In Figure 22 each point on the graph represents one evaluable subject. X axis: represents the change in the LVEDP (Δ) (the lower LVEDP measurement value was subtracted from the higher LVEDP measurement value). Y axis: The bio-impedance waveform parameter. This analysis reveals that LVEDP change as low as 2 mmHg was detected by our system and methodology.

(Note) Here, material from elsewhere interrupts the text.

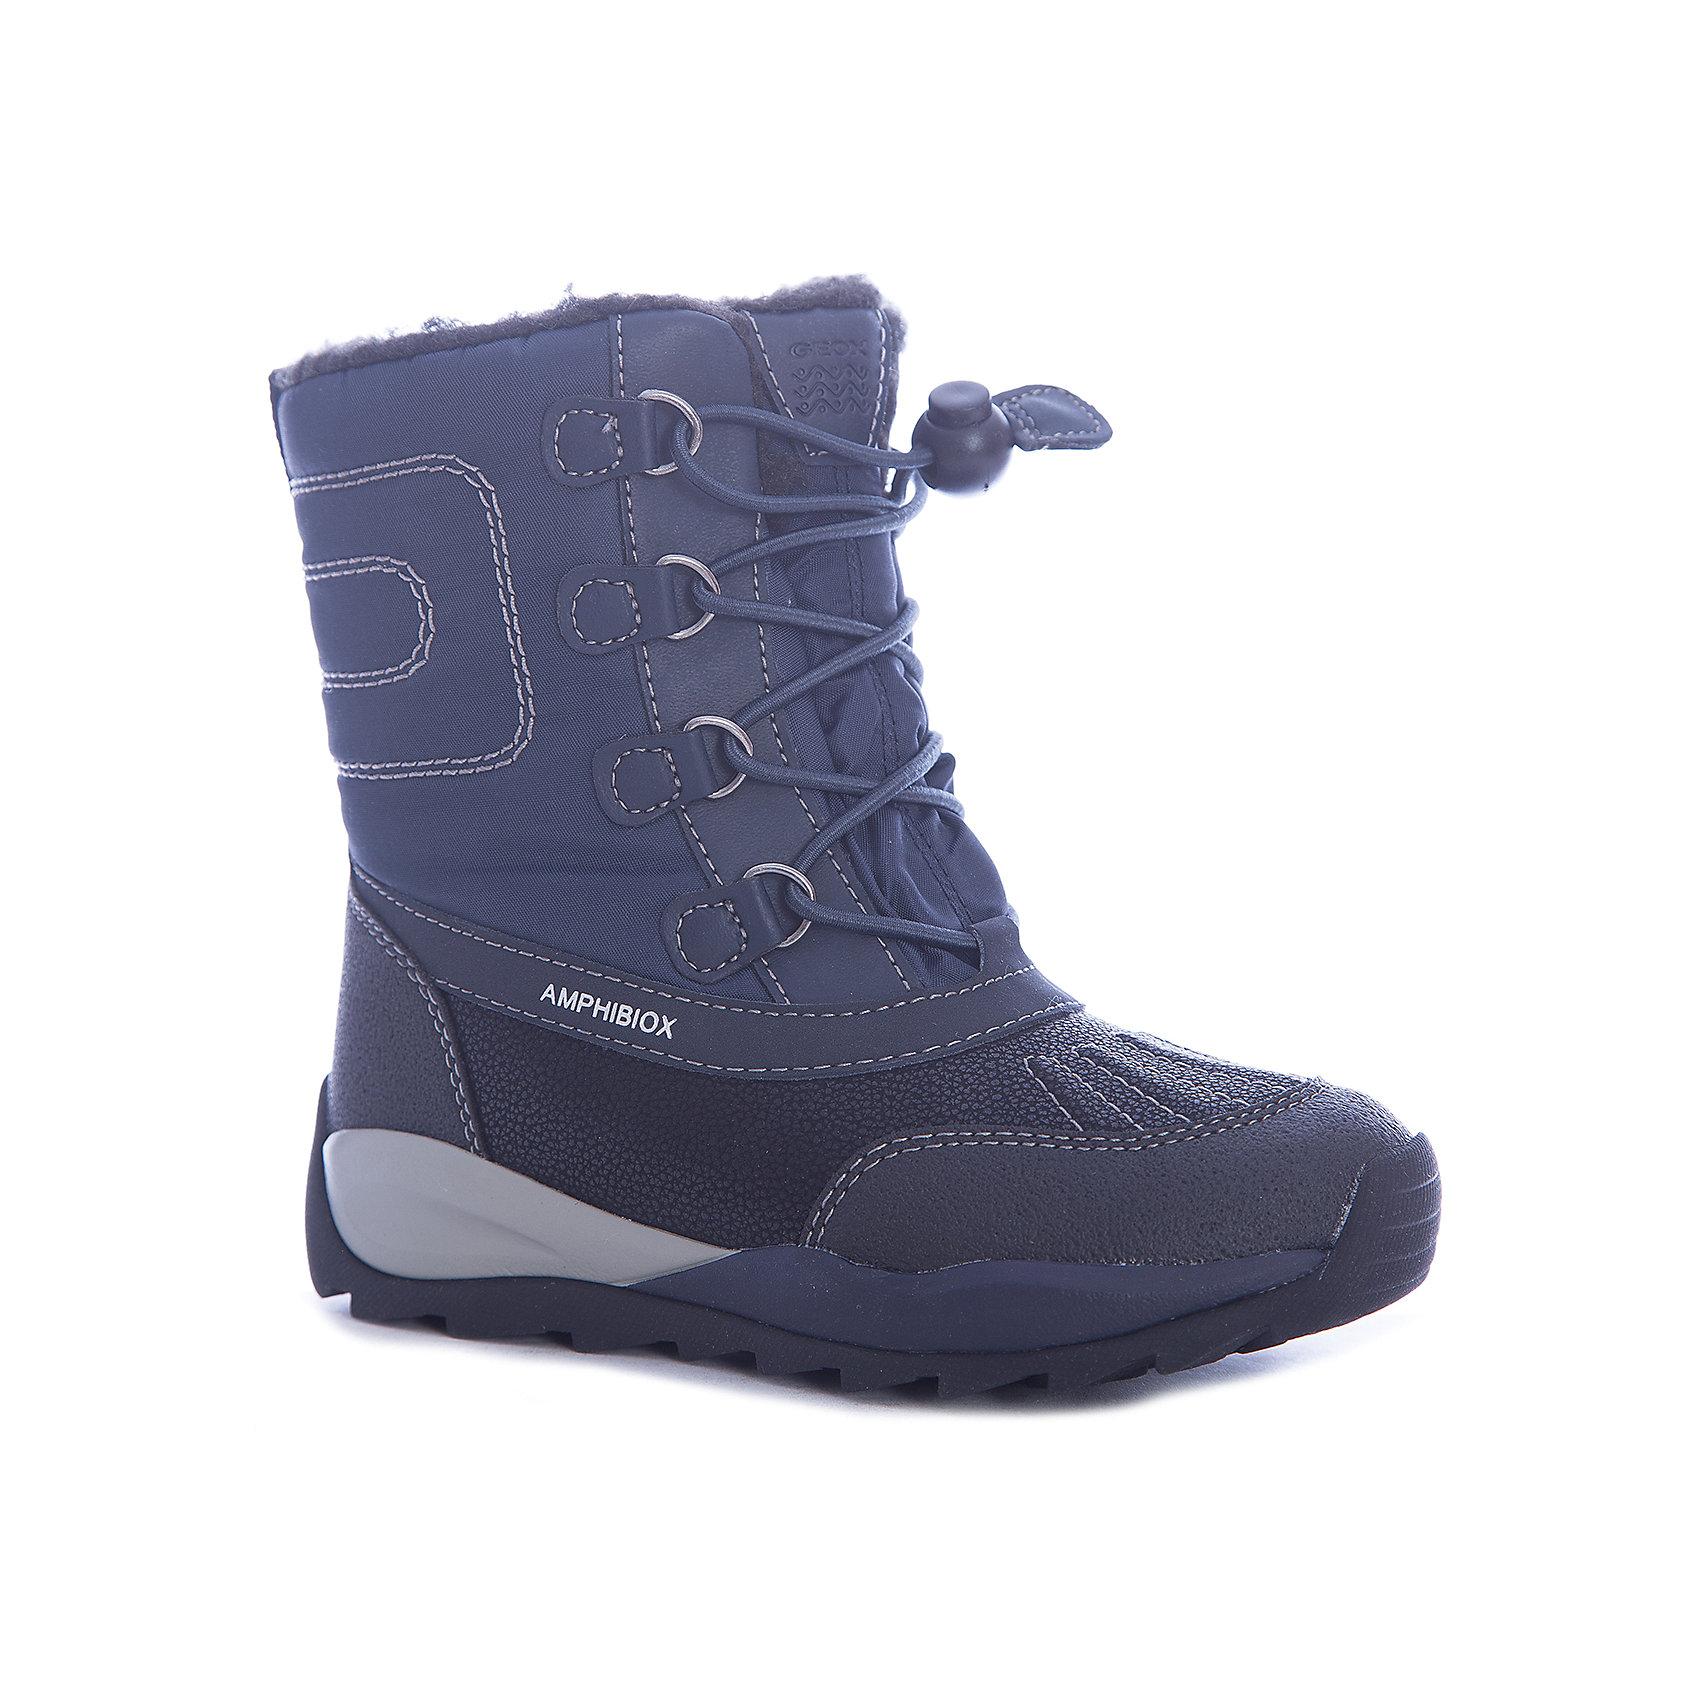 Сноубутсы для мальчика GeoxСапоги<br>Полусапоги GEOX (ГЕОКС)<br>Полусапоги от GEOX (ГЕОКС), выполненные из искусственной кожи и прочного текстиля, идеально подходят для холодной погоды. Плотная мягкая подкладка из искусственного меха согревает чувствительные детские ноги. Текстильная стелька улучшает тепловое сопротивление в холодных условиях, повышая температуру внутри обуви. Влага не застаивается в обуви, благодаря чему создается идеальный микроклимат, который держит ноги теплыми и сухими, и позволяет им дышать естественно. Колодка соответствует анатомическим особенностям строения детской стопы. Качественная амортизация снижает нагрузку на суставы. Запатентованная гибкая перфорированная подошва со специальной микропористой мембраной обеспечивает естественное дыхание обуви, не пропускает воду, не скользит. Модель имеет усиленный мыс и функциональную шнуровку.<br><br>Дополнительная информация:<br><br>- Сезон: зима<br>- Цвет: черный, синий<br>- Материал верха: искусственная кожа, текстиль<br>- Внутренний материал: искусственный мех<br>- Материал стельки: текстиль<br>- Материал подошвы: резина<br>- Тип застежки: шнуровка<br>- Высота голенища/задника: 13,5 см.<br>- Технология Amphibiox<br>- Материалы и продукция прошли специальную проверку T?V S?D, на отсутствие веществ, опасных для здоровья покупателей<br><br>Полусапоги GEOX (ГЕОКС) можно купить в нашем интернет-магазине.<br><br>Ширина мм: 257<br>Глубина мм: 180<br>Высота мм: 130<br>Вес г: 420<br>Цвет: черный<br>Возраст от месяцев: 36<br>Возраст до месяцев: 48<br>Пол: Мужской<br>Возраст: Детский<br>Размер: 27,34,28,29,30,31,32,33<br>SKU: 4968259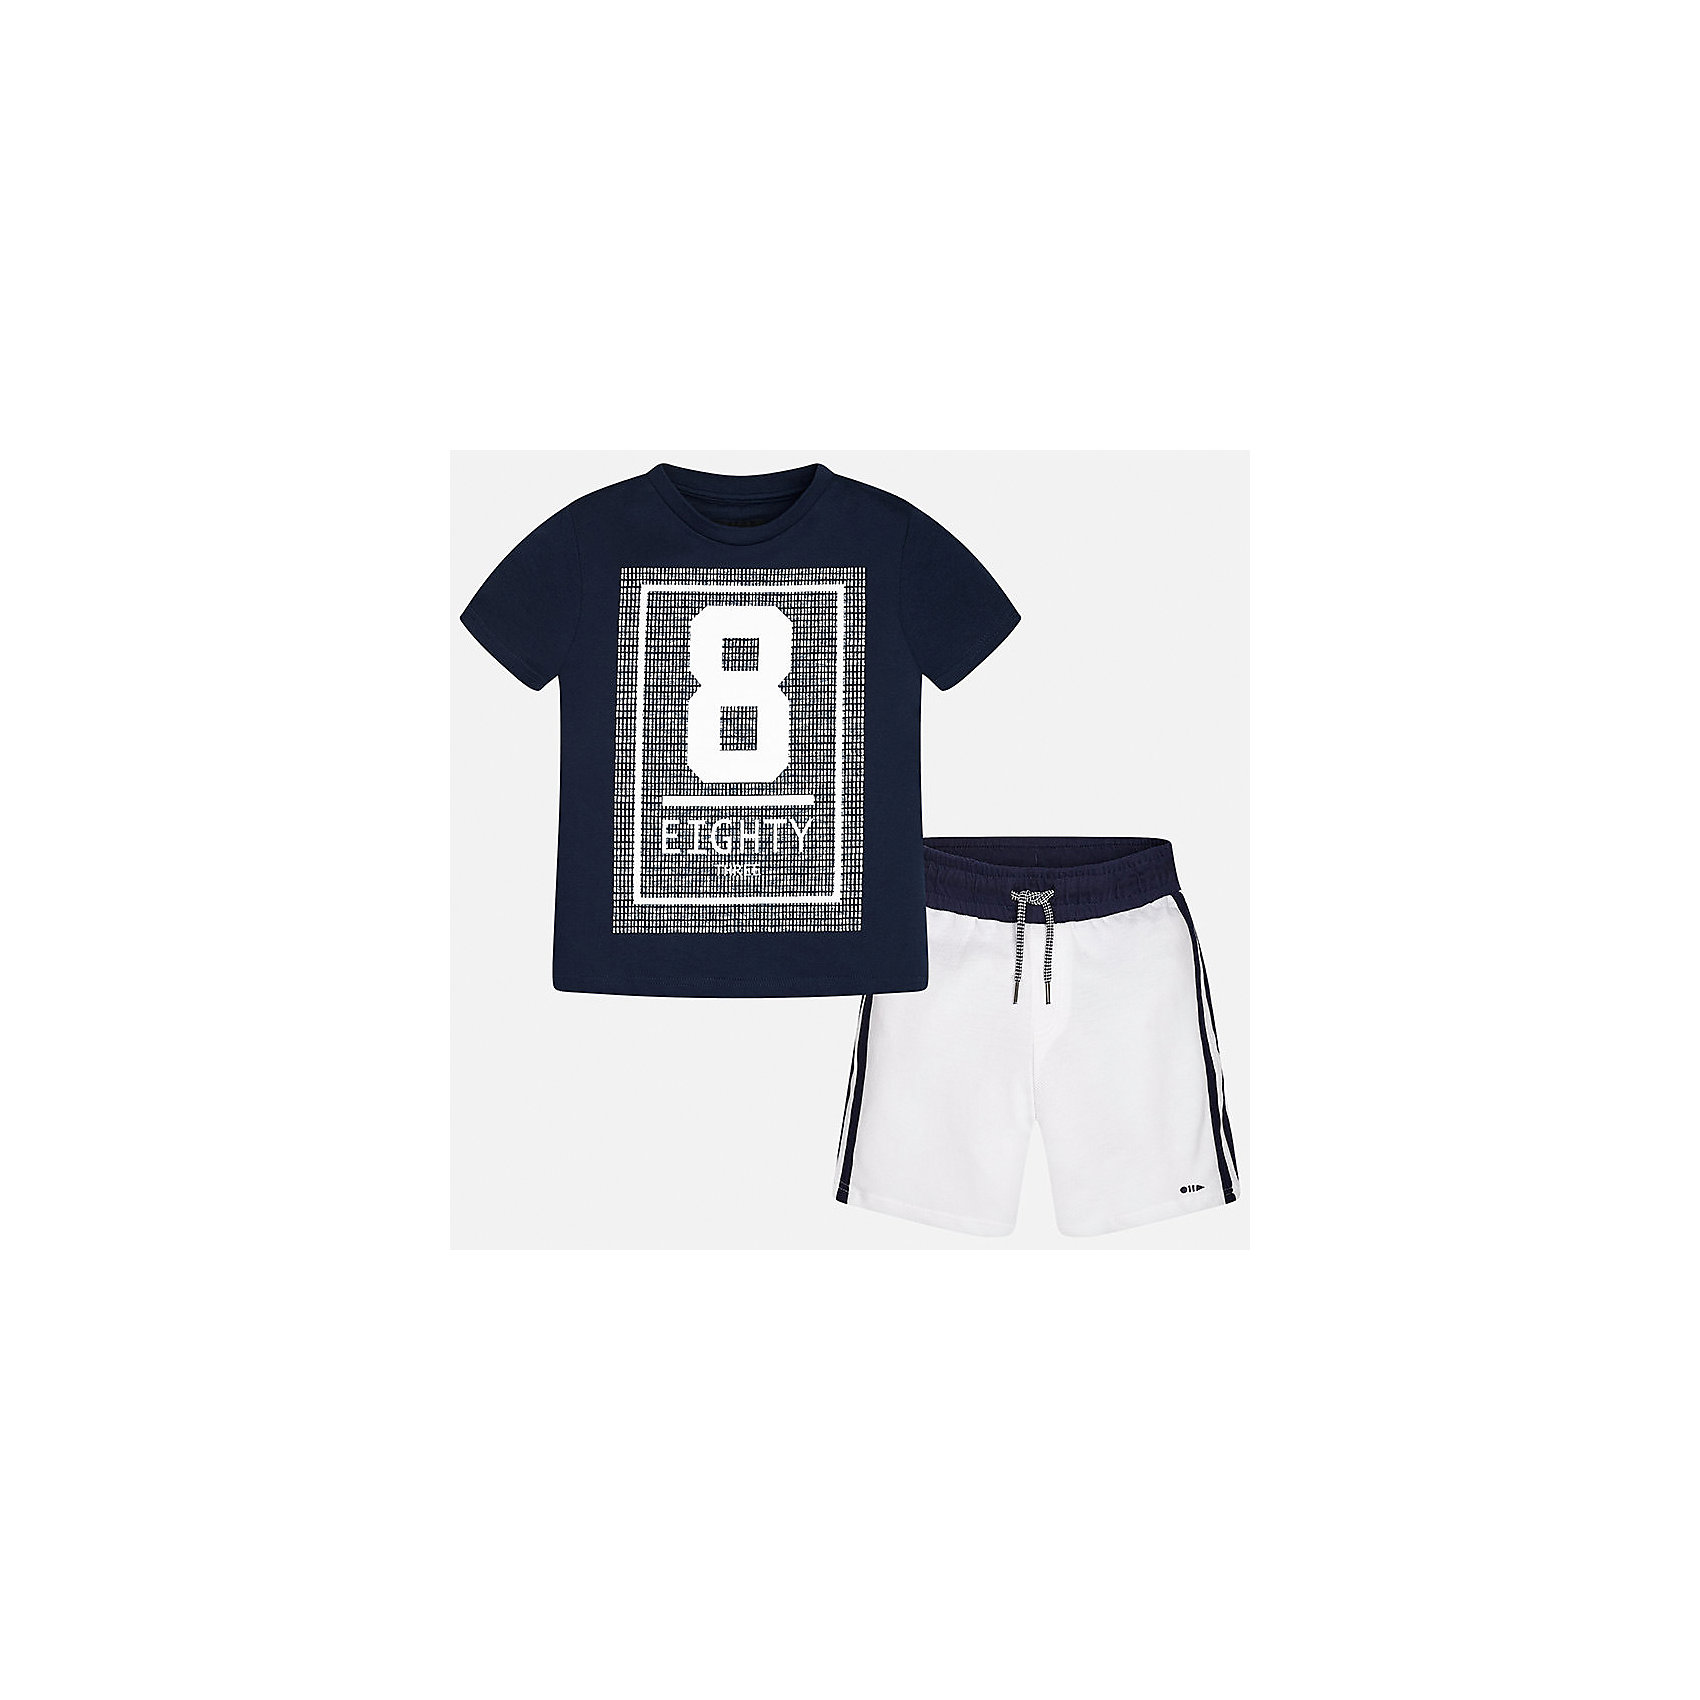 Комплект: футболка и шорты для мальчика MayoralХарактеристики товара:<br><br>• цвет: синий/белый<br>• состав: 100% хлопок<br>• комплектация: шорты, футболка<br>• круглый горловой вырез<br>• декорирована принтом<br>• короткие рукава<br>• шорты - пояс со шнурком<br>• страна бренда: Испания<br><br>Стильная удобная футболка с принтом и шорты помогут разнообразить гардероб мальчика и удобно одеться. Универсальный цвет позволяет подобрать к вещам верхнюю одежду практически любой расцветки. Интересная отделка модели делает её нарядной и оригинальной. В составе материала - только натуральный хлопок, гипоаллергенный, приятный на ощупь, дышащий.<br><br>Одежда, обувь и аксессуары от испанского бренда Mayoral полюбились детям и взрослым по всему миру. Модели этой марки - стильные и удобные. Для их производства используются только безопасные, качественные материалы и фурнитура. Порадуйте ребенка модными и красивыми вещами от Mayoral! <br><br>Комплект для мальчика от испанского бренда Mayoral (Майорал) можно купить в нашем интернет-магазине.<br><br>Ширина мм: 215<br>Глубина мм: 88<br>Высота мм: 191<br>Вес г: 336<br>Цвет: синий<br>Возраст от месяцев: 84<br>Возраст до месяцев: 96<br>Пол: Мужской<br>Возраст: Детский<br>Размер: 128/134,170,140,152,158,164<br>SKU: 5294174

The initial clinical feasibility pilot studies includes 7 patients who underwent routine cardiac catheterization. The investigational device detected even small changes in LVEDP, in the range of 2-7mmHg. These results provide a proof of concept of the utility of the bio-impedance waveform in detecting changes in LVEDP. More subtle changes in LVEDP is the focus as found during the legs up maneuver. This was achieved by elevating the legs on a triangular mattress at 25°. No subject's cooperation was required during this maneuver. Assuming that there was no or there was very little influence on the chest anatomy of the subject, therefore this maneuver is reliable and independent of the collaboration of the evaluated subjects.

The main findings of this initial feasibility pilot study in humans were:

waveform measurements were repeatable in the same measurement cycle, in recurrent measurements cycles, at different time intervals, in the same subject, during the same maneuver;

small changes in LVEDP corresponded with small changes in waveform morphology on quantitative analysis; on the other hand lack of change in LVEDP showed good reproducibility of the waveform under different conditions in the same subject;

changes as small as 2mmHg in LVEDP induced detectable and measurable changes in the bio-impedance waveform morphology;

the changes in waveform morphology were similar at identical LVEDP change (Δ), regardless of the initial value of LVEDP (baseline LVEDP ranged from 11 to 23mmHg in the 7 patients).

It should be apparent from the foregoing that an invention having significant advantages has been provided. While the invention is shown in only a few of its forms, it is not just limited but is susceptible to various changes and modifications without departing from the spirit thereof.